Dataset excerpt:

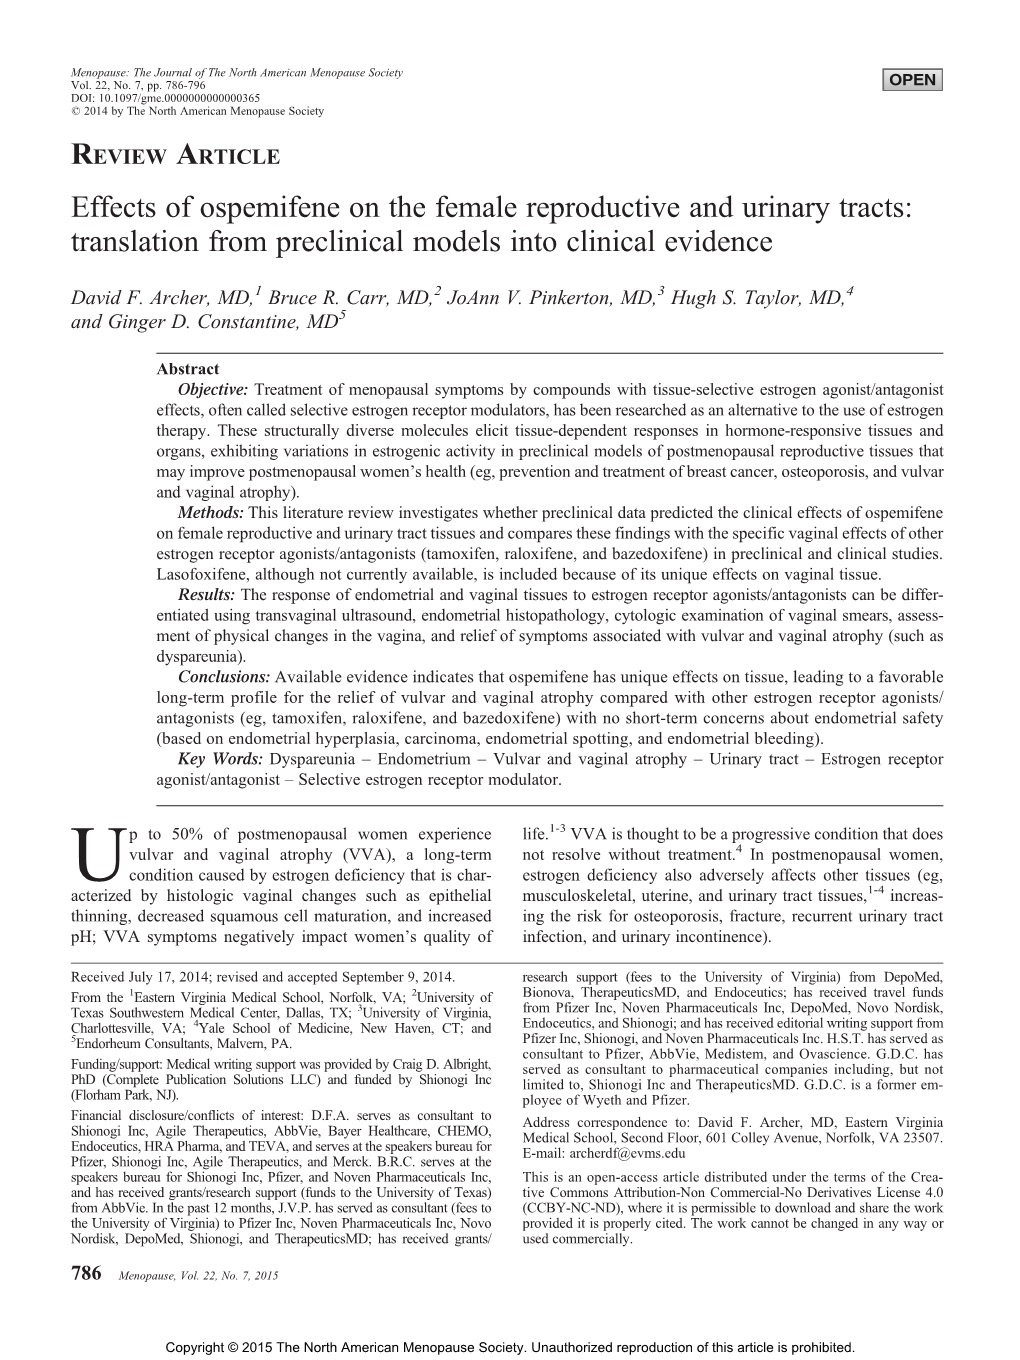 Effects of Ospemifene on the Female Reproductive and Urinary Tracts: Translation from Preclinical Models Into Clinical Evidence
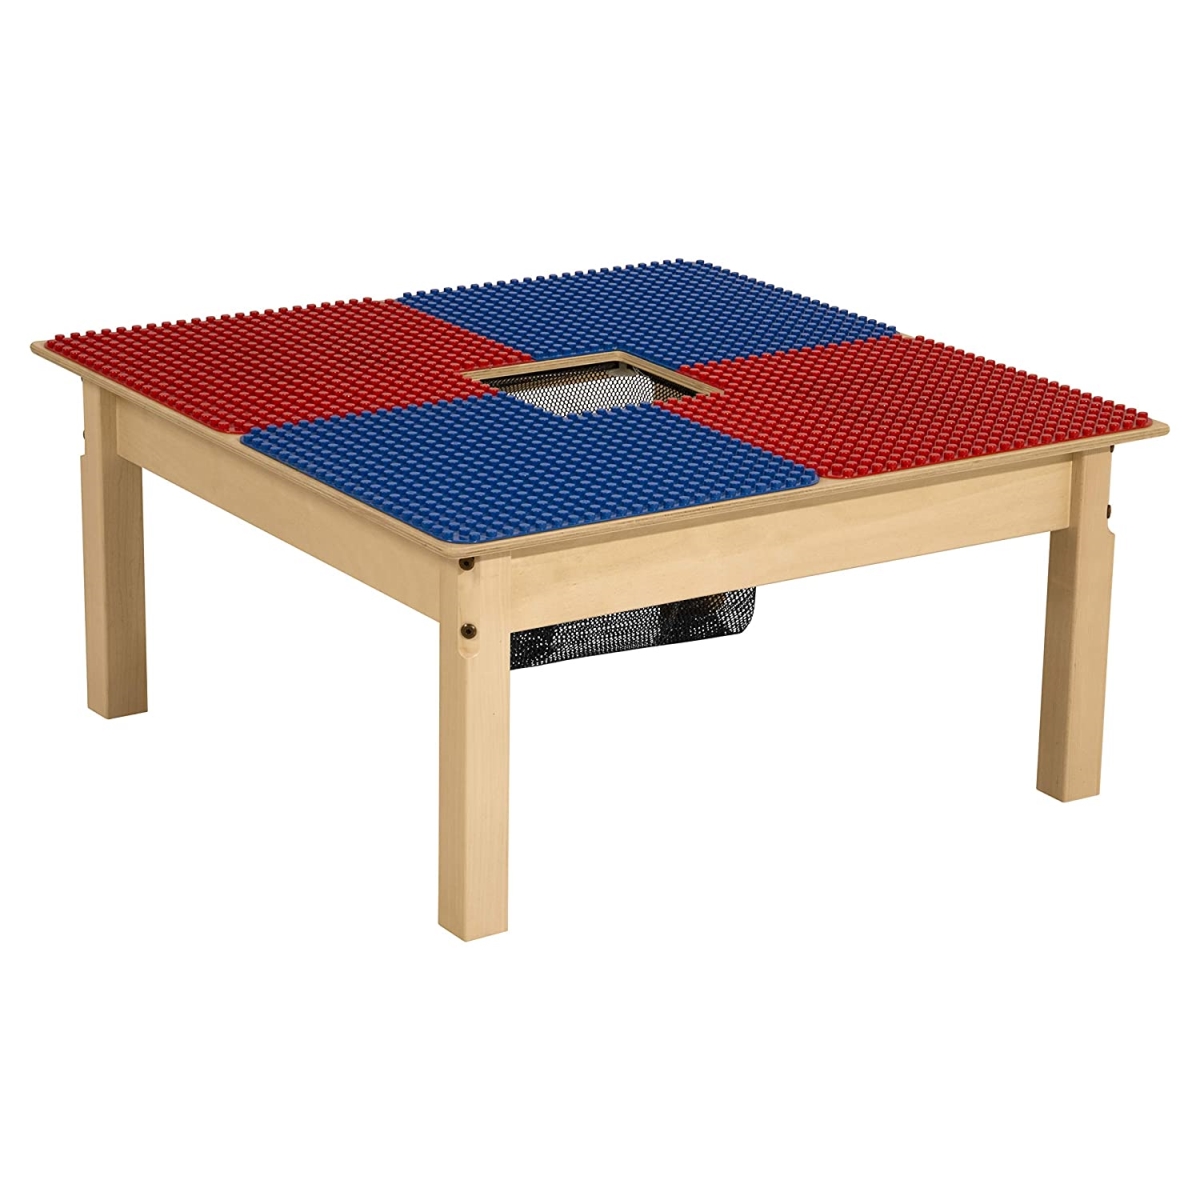 Tp3131pgn20-br 20 In. Duplo Compatible Table With Legs, Blue & Red - Square
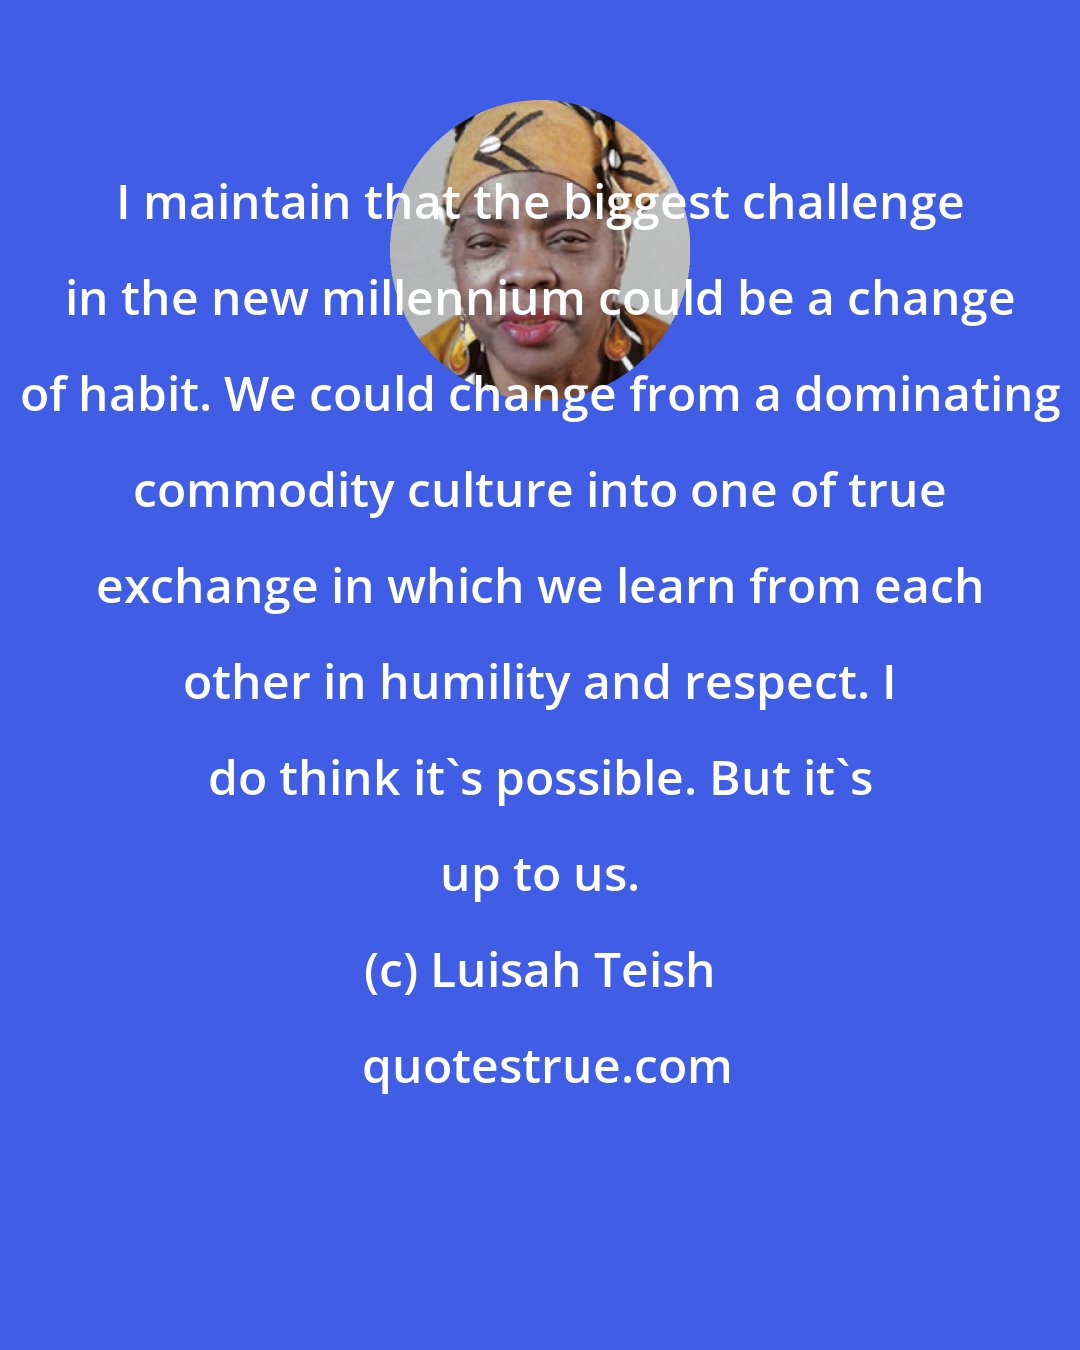 Luisah Teish: I maintain that the biggest challenge in the new millennium could be a change of habit. We could change from a dominating commodity culture into one of true exchange in which we learn from each other in humility and respect. I do think it's possible. But it's up to us.

Work to complete:
Could the listing above be transcribed exactly, with the pictures left out?

Response area:
 Effects of Ospemifene on the Female Reproductive and Urinary Tracts: Translation from Preclinical Models Into Clinical Evidence
 Tp3131pgn20-br 20 In. Duplo Compatible Table With Legs, Blue & Red - Square
 Luisah Teish: I maintain that the biggest challenge in the new millennium could be a change of habit. We could change from a dominating commodity culture into one of true exchange in which we learn from each other in humility and respect. I do think it's possible. But it's up to us.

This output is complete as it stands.